For this algorithm, we used all the diamond features, but some of them influence the price greater than the others. If we define the most important features, we will be able to use only those in calculations and in such way improve the performance of the algorithm.
# Get features list
characteristics = X.columns
# Get the variables importances, sort them, and print the result
importances = list(regr.feature_importances_)
characteristics_importances = [(characteristic, round(importance, 2)) for characteristic, importance in zip(characteristics, importances)]
characteristics_importances = sorted(characteristics_importances, key = lambda x: x[1], reverse = True)

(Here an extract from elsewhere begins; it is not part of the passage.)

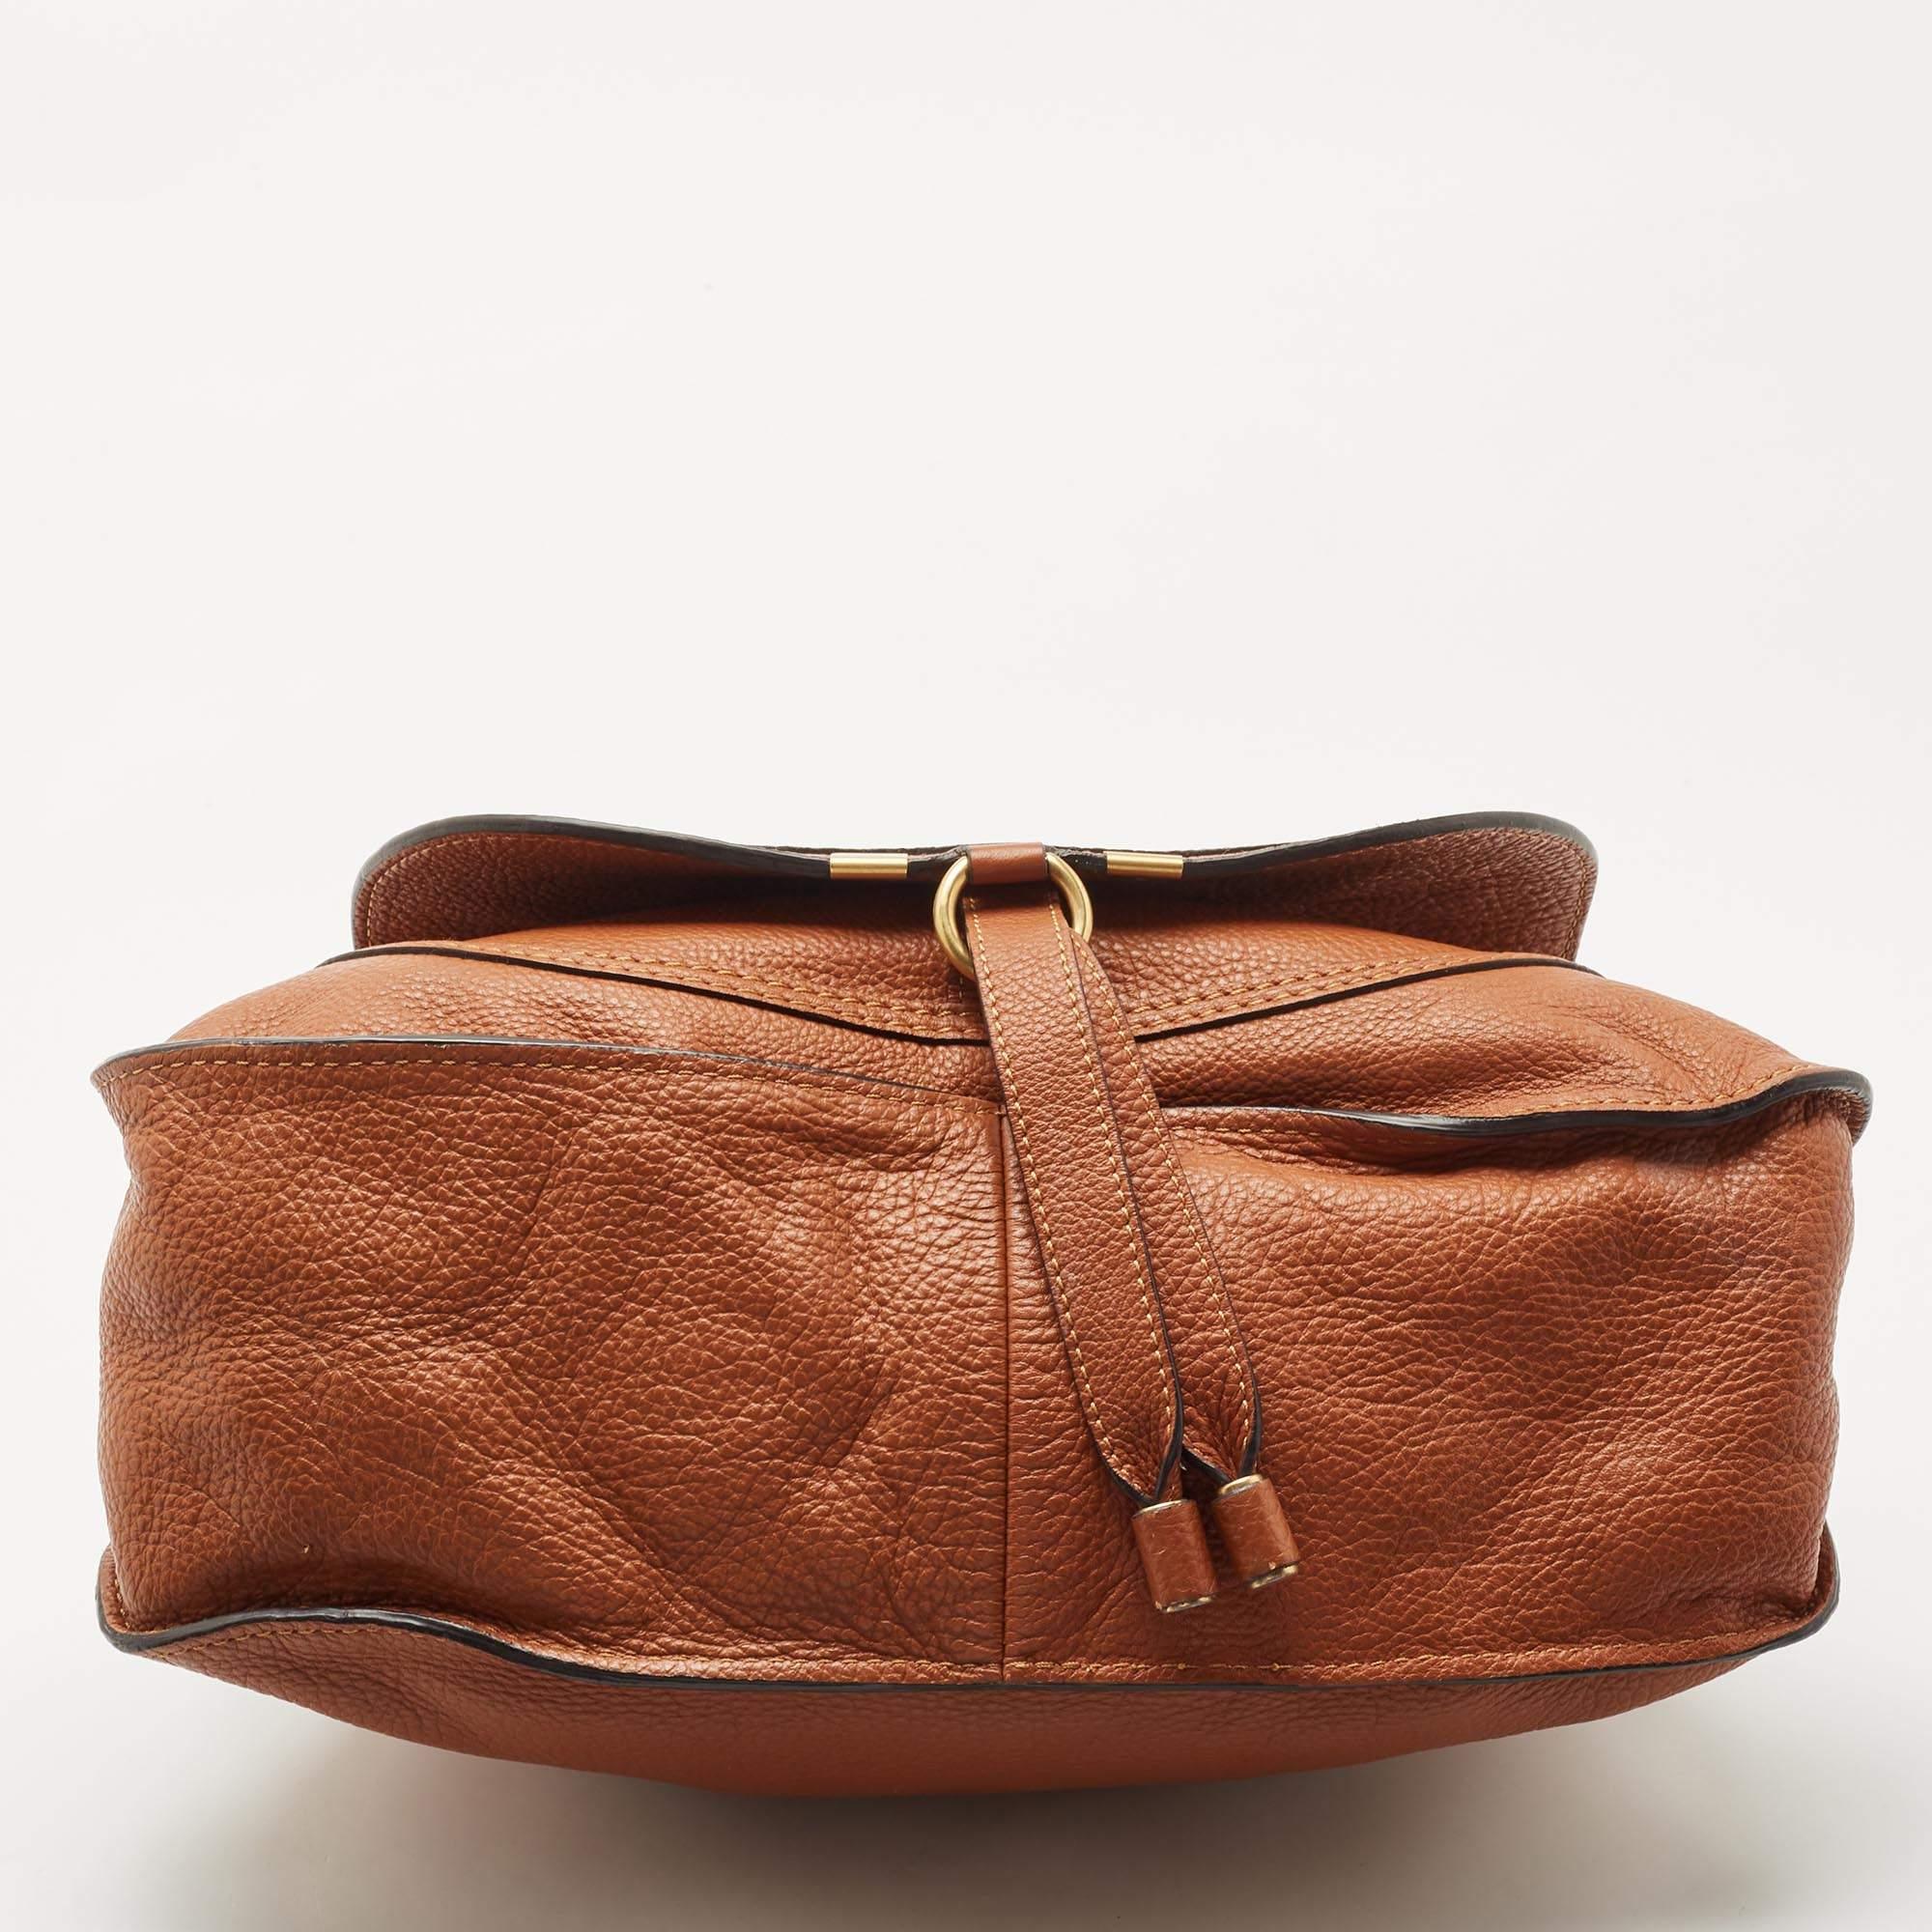 Chloe Brown Leather Medium Marcie Top Handle Bag 1

[print('Variable: {:20} Importance: {}'.format(*pair)) for pair in characteristics_importances];
Variable: carat Importance: 0.53 Variable: y Importance: 0.37 Variable: clarity Importance: 0.07 Variable: color Importance: 0.03 Variable: depth Importance: 0.0 Variable: table Importance: 0.0 Variable: x Importance: 0.0 Variable: z Importance: 0.0 Variable: cut Importance: 0.0
# Visualize the variables importances
plt.bar(characteristics, importances, orientation = 'vertical')
plt.xticks(rotation = 'vertical')
plt.ylabel('Importance')
plt.xlabel('Variable')
plt.grid(axis = 'y', color = '#D3D3D3', linestyle = 'solid')
plt.show()
From the figure above you can see that only four features have a great influence on the prediction results. Therefore, we can use only these ones to perform the calculations.
To sum up, we can say that the Random Forest algorithm has some advantages in comparison with Lasso, Ridge or OLS regressions. It doesn't require data scaling and has higher prediction accuracy. Random Forest algorithm is also less prone to overfitting and easier for hyperparameters tuning. Linear regression methods could be better only if you are assured that your function is linear.